Background: Peroxisome proliferator-activated receptor γ coactivator-1α (PGC-1α), regulated by AMPK, is an important regulator of mitochondrial fusion. At present, whether the AMPK/PGC-1α signaling pathway regulates mitochondrial dynamics in epileptic rats is still unknown. Methods: Adult male Sprague-Dawley (SD) rats were randomly divided into fourgroups: the control group (0.9% saline, n = 5), the EP groups (lithium-pilocarpine was used to induce epilepsy, and tissues were harvested at 6 and 24 h, every time point, n = 5), the EP + Compound C group (the specific inhibitor of PGC-1α, 15 mg/kg in 2% DMSO, n = 5), and the EP + DMSO group (0.9% saline + 2% DMSO, n = 5). To investigate whether PGC-1α participates in seizures by regulating the expression of mitofusin1/2(MFN1/2)in rats. Results: In this study, the behavioral results indicate that the seizure susceptibility of the rats to epilepsy was increased when the expression of PGC-1α was inhibited. Subsequently, Western blot results suggested that the expression level of both MFN1 and MFN2 in the hippocampus was higher at 6 and 24 h after an epileptic seizure. Besides, the expression of PGC-1α and MFN2 was significantly decreased in the hippocampus when the epileptic rats were treated with Compound C. Furthermore, the immunofluorescence analysis of the localization of MFN1/2 and PGC-1α showed that MFN1/2 was mainly expressed in neurons but not astrocytes in the hippocampus and cerebral cortex of rats.
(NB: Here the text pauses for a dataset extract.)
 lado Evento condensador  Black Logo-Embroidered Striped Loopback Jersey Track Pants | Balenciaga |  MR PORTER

Meanwhile, PGC-1α colocalized with the excitatory post-synaptic marker PSD95, suggesting that PGC-1α may regulate the seizure susceptibility of the rats by mediating excitatory post-synaptic signaling. Conclusion: The AMPK/PGC-1α signaling pathway may play an important role in the lithium-pilocarpine-induced epileptic rat model by mediating the expression of fusion proteins.
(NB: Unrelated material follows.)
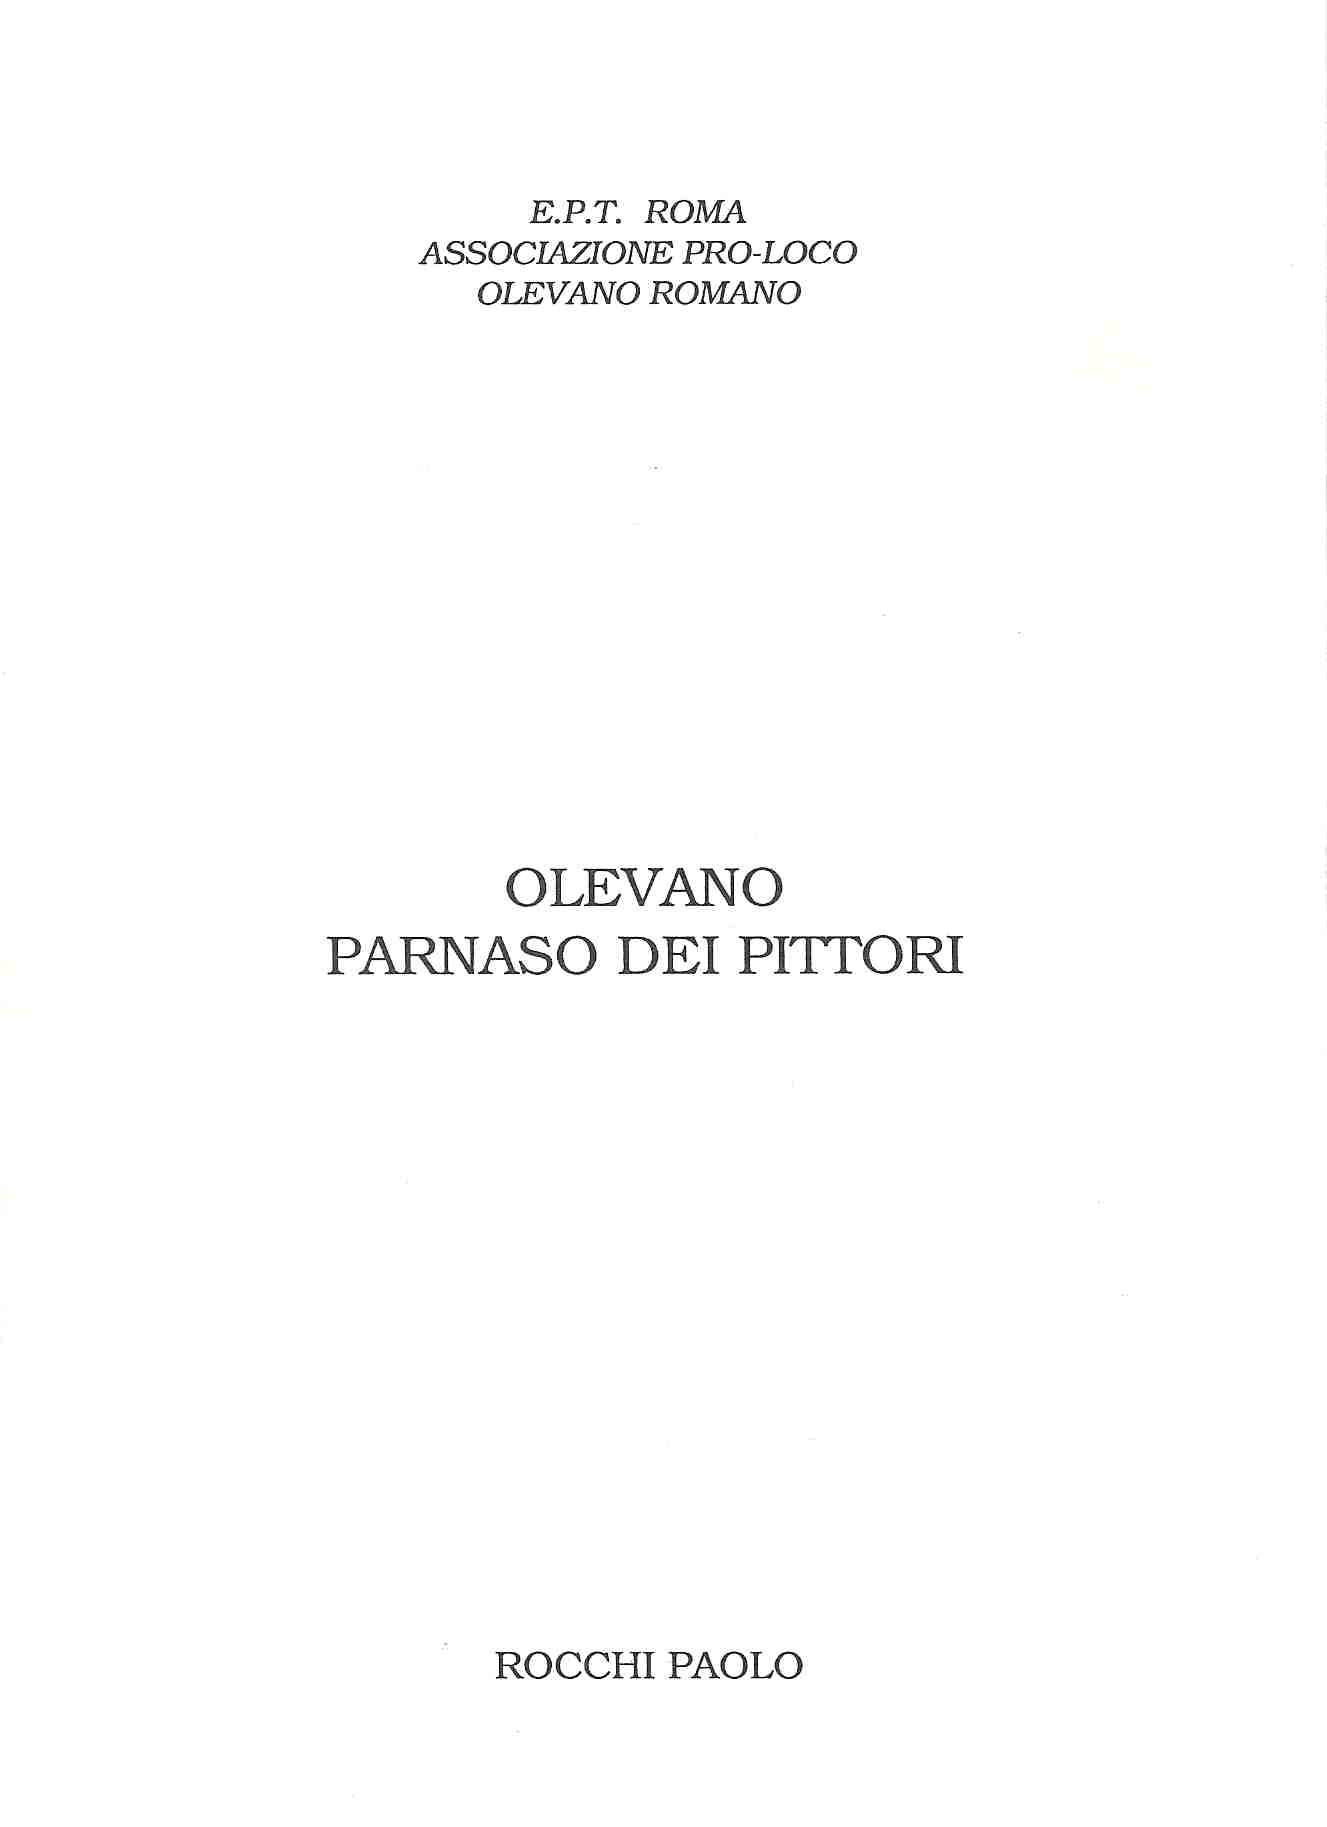 Olevano: Parnaso dei pittori
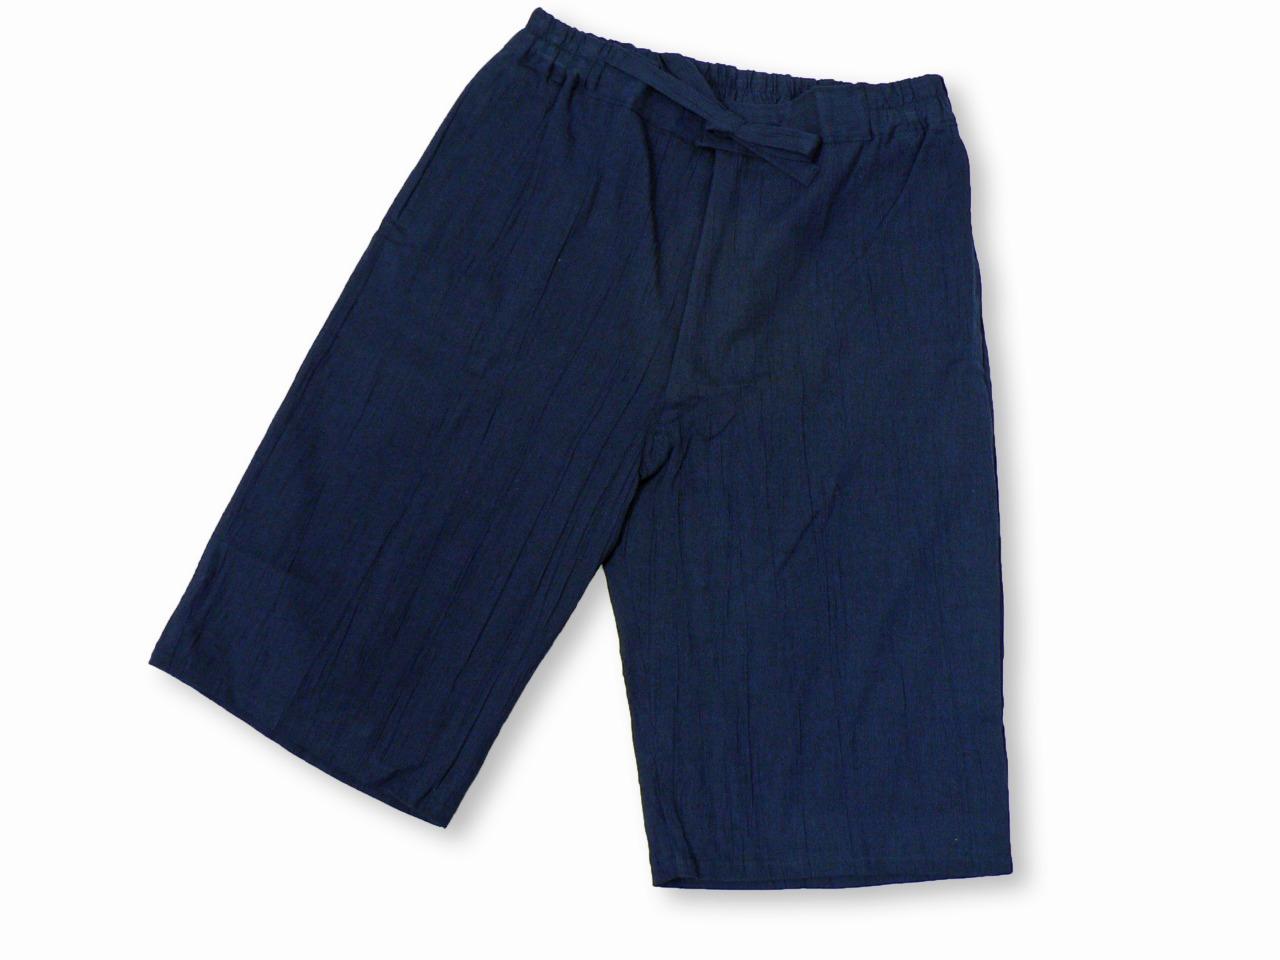 綿麻楊柳甚平(日本製) 濃紺 ズボン

背景：受 AMPK 调节的过氧化物酶体增殖物激活受体 γ 辅激活因子-1α (PGC-1α) 是线粒体融合的重要调节因子。目前，AMPK/PGC-1α信号通路是否调控癫痫大鼠线粒体动力学尚不清楚。方法：成年雄性Sprague-Dawley（SD）大鼠随机分为4组：对照组（0.9%生理盐水，n=5）、EP组（锂-毛果芸香碱致癫痫，6、3d取组织） 24 h, 每个时间点, n = 5), EP + Compound C组(PGC-1α特异性抑制剂, 15 mg/kg in 2% DMSO, n = 5), EP + DMSO组(0.9%盐水 + 2% DMSO，n = 5）。探讨PGC-1α是否通过调控大鼠mitofusin1/2(MFN1/2)的表达参与癫痫发作。结果：在本研究中，行为学结果表明，当 PGC-1α 的表达受到抑制时，大鼠对癫痫发作的易感性增加。随后，Western blot 结果表明，癫痫发作后 6 小时和 24 小时海马中 MFN1 和 MFN2 的表达水平较高。此外，化合物C治疗癫痫大鼠后海马区PGC-1α和MFN2的表达显着降低。此外，MFN1/2和PGC-1α定位的免疫荧光分析显示MFN1/2主要表达在神经元中，但在大鼠海马和大脑皮层中没有星形胶质细胞。同时，PGC-1α 与兴奋性突触后标记物 PSD95 共定位，结论： AMPK/PGC-1α信号通路可能通过介导融合蛋白的表达在锂毛果芸香碱致癫痫大鼠模型中发挥重要作用。